The Greatest Common Factor (GCF) of 12 and 36 is 12. The GCF of two numbers is the largest positive number that divides evenly into both numbers. In this case, 12 is the greatest number that can divide into both 12 and 36 evenly, so the GCF of 12 and 36 is 12.

## What is the lowest common multiple of 12 and 36?

The lowest common multiple (LCM) of 12 and 36 is 72. The LCM is the smallest number that is a multiple of both 12 and 36. In order to calculate the LCM, you need to find the prime factors of each number and then multiply them together.

For 12, the prime factors are 2 × 2 × 3 and for 36, the prime factors are 2 × 2 × 3 × 3. When you multiply all the prime factors together, you get 72, which is the lowest common multiple of 12 and 36.

## What is the LCM of 12 and 36 using continuous division?

The LCM, or least common multiple, of 12 and 36 can be determined using the continuous division method. To begin, divide the larger number, 36, by the smaller number, 12. The quotient is 3 and the remainder is 0, so the LCM is 36.

To confirm, divide 12 by 36. The quotient is 0 and the remainder is 12, which confirms the LCM of 36. Therefore, the LCM of 12 and 36 using continuous division is 36.

## How do you find the GCF?

The greatest common factor (or GCF) of two or more numbers is the largest shared factor that divides all the numbers evenly. To find the greatest common factor, you can use either the prime factorization method or the division method.

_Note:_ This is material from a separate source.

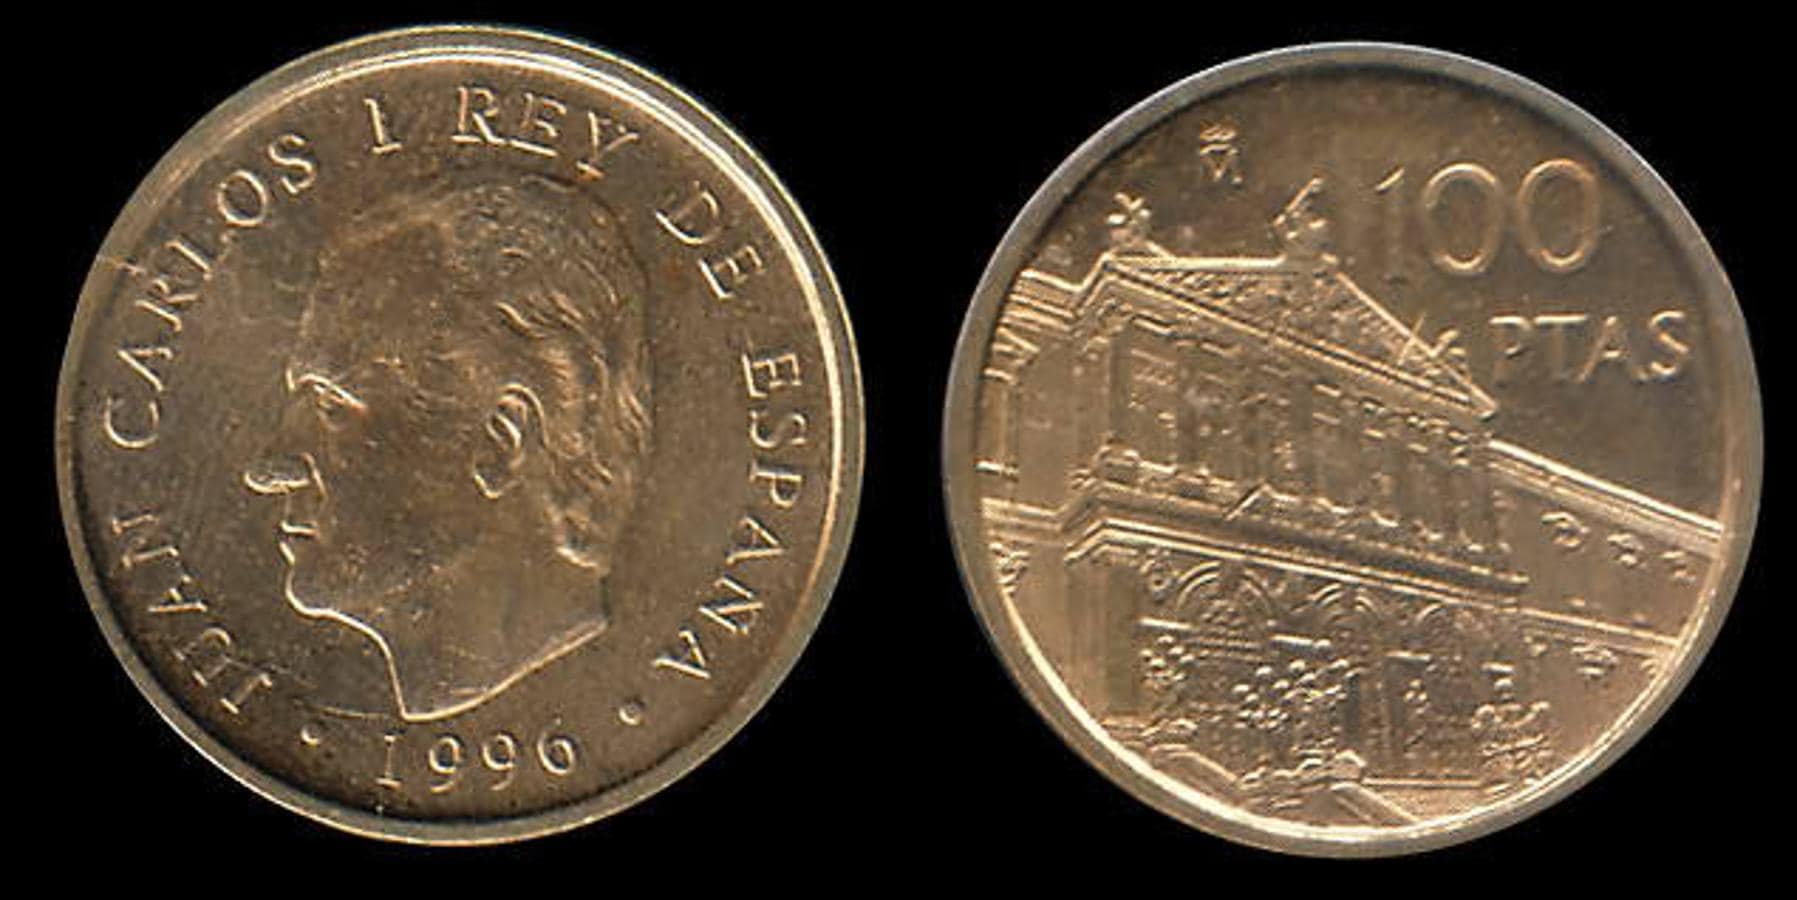 100 Pesetas 1966. Estas grandes monedas de plata se fabricaron en 1966, aunque las del 69 son las más caras, llegando a costar 145 euros. Existe una variante que tiene el palo del 9 recto y que ya alcanza los 400 euros.

Using the prime factorization method, you list out the prime factors of each number separately and then find the greatest common factor. For example, to find the GCF of 24 and 30, we can list the factors individually:

24: 2 x 2 x 2 x 3

30: 2 x 3 x 5

The greatest common factor of 24 and 30 is the 2 x 3, which gives the GCF of 6.

Using the division method, you can divide one number by the other until you get a remainder of 0. You can then use the last number you divided by as the GCF. For example, to find the GCF of 24 and 30, you can divide 30 by 24.

30 / 24 = 1 with 6 remaining. That means the last number you divided by was 6, and so your GCF is 6.

No matter which method you use, the result will be the same. The greatest common factor of two numbers is the largest number that divides each number evenly.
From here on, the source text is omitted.